NEW YORK — Intracardiac injections of human fetal stem cells led to rapid improvements in heart function in a pilot study of 10 patients with nonischemic cardiomyopathy.
The promising results mean that the research should progress to larger, controlled studies, Valavanur A. Subramanian, M.D., said at the annual meeting of the International Society for Minimally Invasive Cardiothoracic Surgery.
The study, which was done at the Hospital Luis Vernaza in Guayaquil, Ecuador, used stem cells harvested from fetuses that had been either spontaneously or electively aborted at 5–12 weeks' gestation. Prior to 12 weeks, fetal cells contain no histocompatability antigens, so tissue matching wasn't necessary.
All 10 patients in the study had primary dilated cardiomyopathy that was not caused by ischemia or Chagas' disease. Five of the patients had New York Heart Association class III heart failure, and the other five had class IV disease. The average left ventricular ejection fraction of the entire group was 27.6%.
Each patient received 60–80 million stem cells that were suspended in 80 mL of saline solution and delivered in a series of 80 injections through the heart's surface. The injections were done using a 25-gauge butterfly needle and were placed 3 mm into the heart, said Federico Benetti, M.D., a cardiothoracic surgeon at the Benetti Foundation in Rosario, Argentina, who led the clinical team that did this work. Each injection delivered 1 mL, and the injections were spaced 1 cm apart. In nine cases, a sternotomy with general anesthesia was performed to expose the patient's heart. The 10th patient received the cell injections via a minithoracotomy.
The treatment did not result in any intraoperative or postoperative deaths by 90 days of follow-up, said Dr. Subramanian, chairman of the department of cardiothoracic surgery at Lenox Hill Hospital in New York. (Dr. Subramanian was not directly involved in the clinical work, but he helped analyze the results and he presented the findings at the meeting with Dr. Benetti.)
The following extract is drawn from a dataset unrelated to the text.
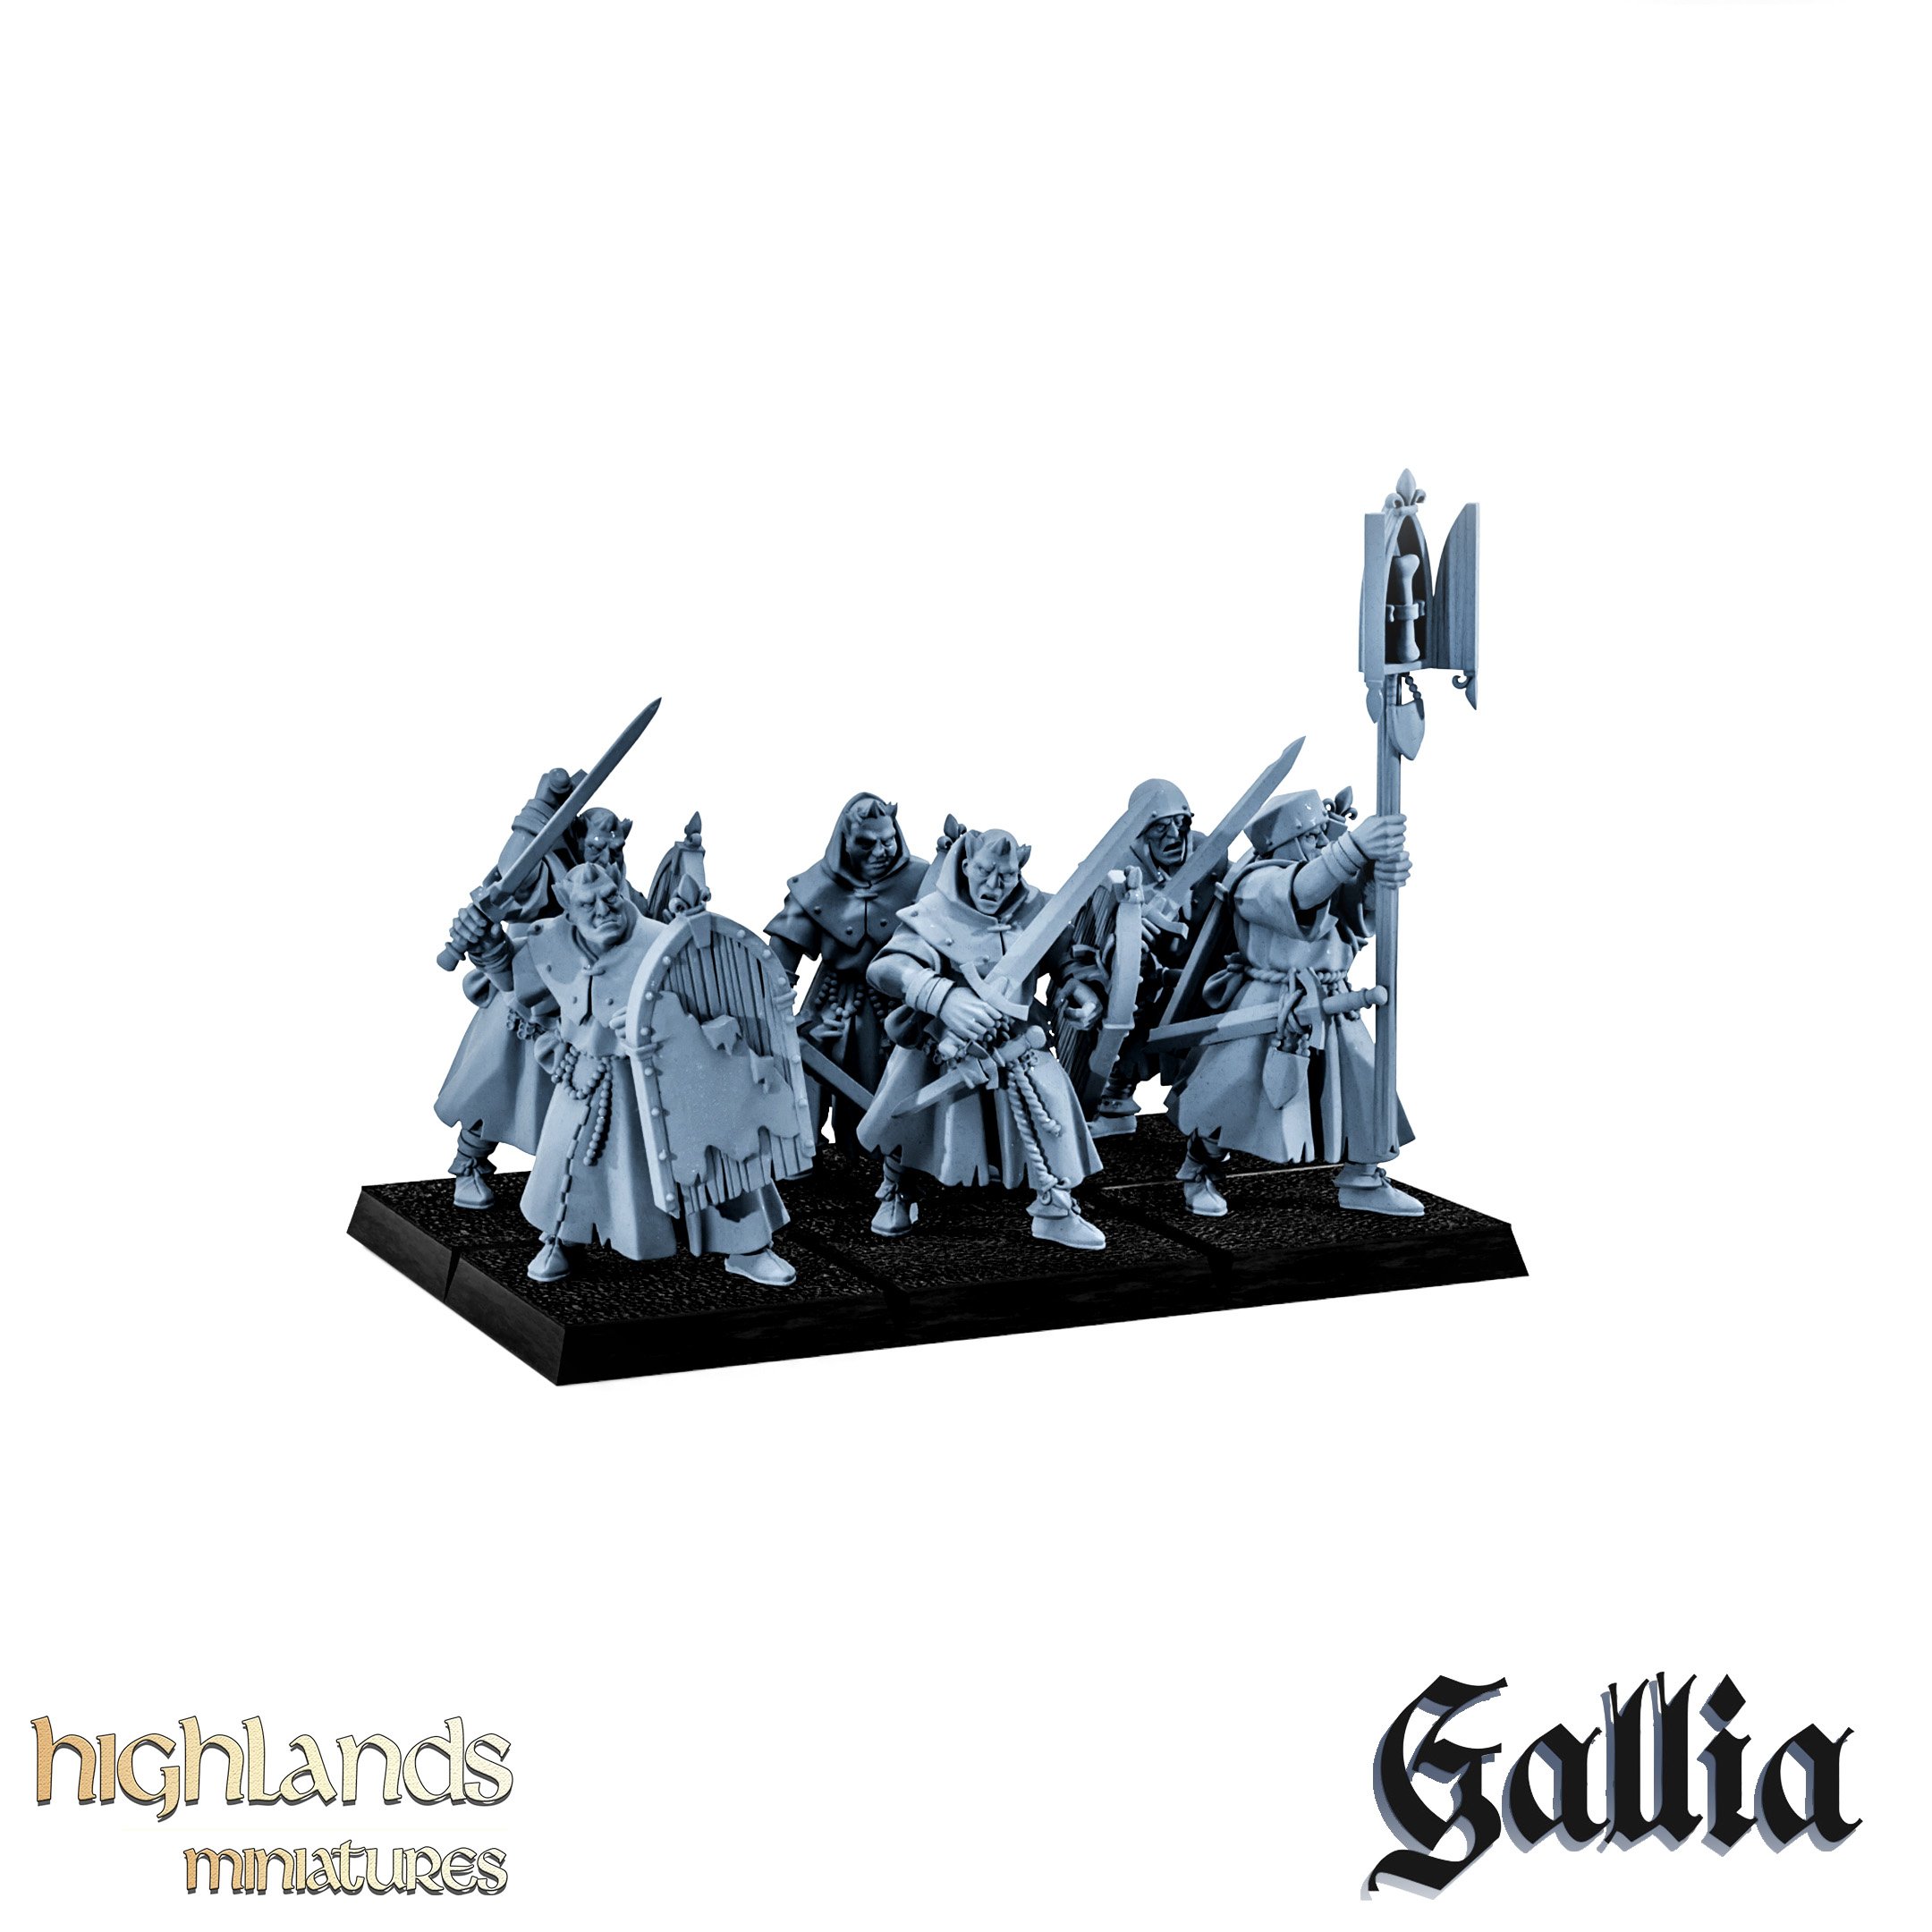 Grail Pilgrims fantasy wargaming miniatures designed by Highlands Miniatures 3D printed by Forgemaster Miniatures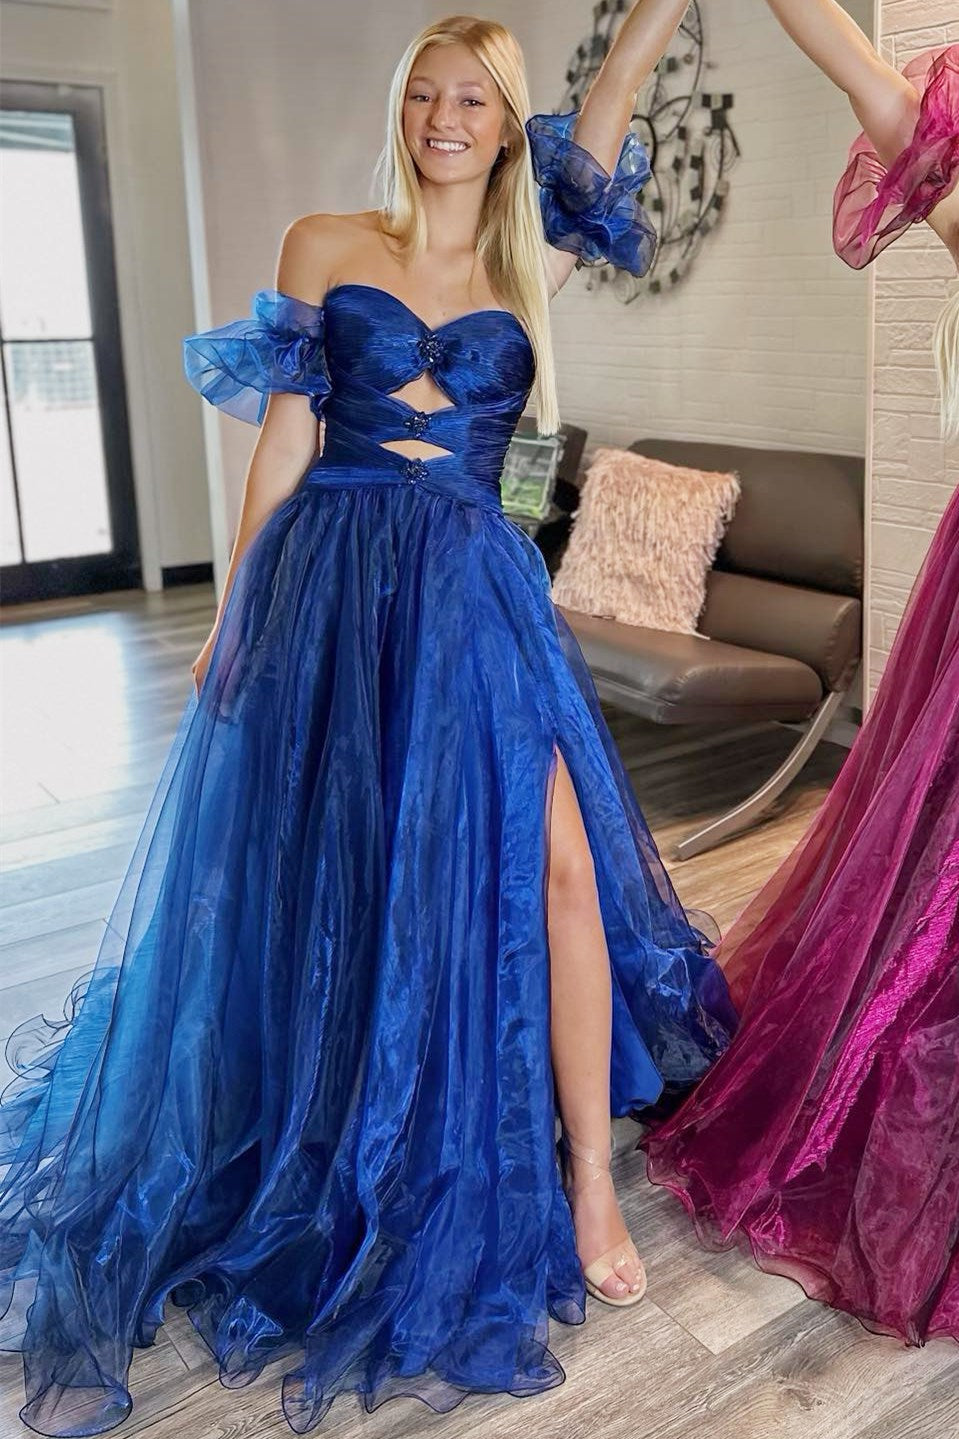 Blue Strapless Cutout Long Prom Dress with Detachable Sleeves

Two patients developed a temporary bradycardia following treatment, one patient had episodes of ventricular fibrillation, and one patient had an ischemic stroke 3 days after receiving the injections.
At 90 days after treatment, the eight patients who could be evaluated had New York Heart Association class II disease on average, compared with class III/IV at baseline. In these patients, the average left ventricular ejection fraction rose from 27.5% at baseline to 37.5% after 90 days. The average distance walked during a 6-minute walking test increased from 275 m at baseline to 553 m after 90 days.
Echocardiographic examination of treated patients showed a thickening of the myocardium, with increased muscle mass that began to be apparent by a week after treatment. This pattern of response differed from that described in previous reports of patients with ischemic cardiomyopathy treated with intracardiac injections of autologous stem cells, in whom angiogenesis seemed to be the main mechanism of action. In the current study, patients seemed to respond more quickly and by a different process than angiogenesis, Dr. Subramanian said.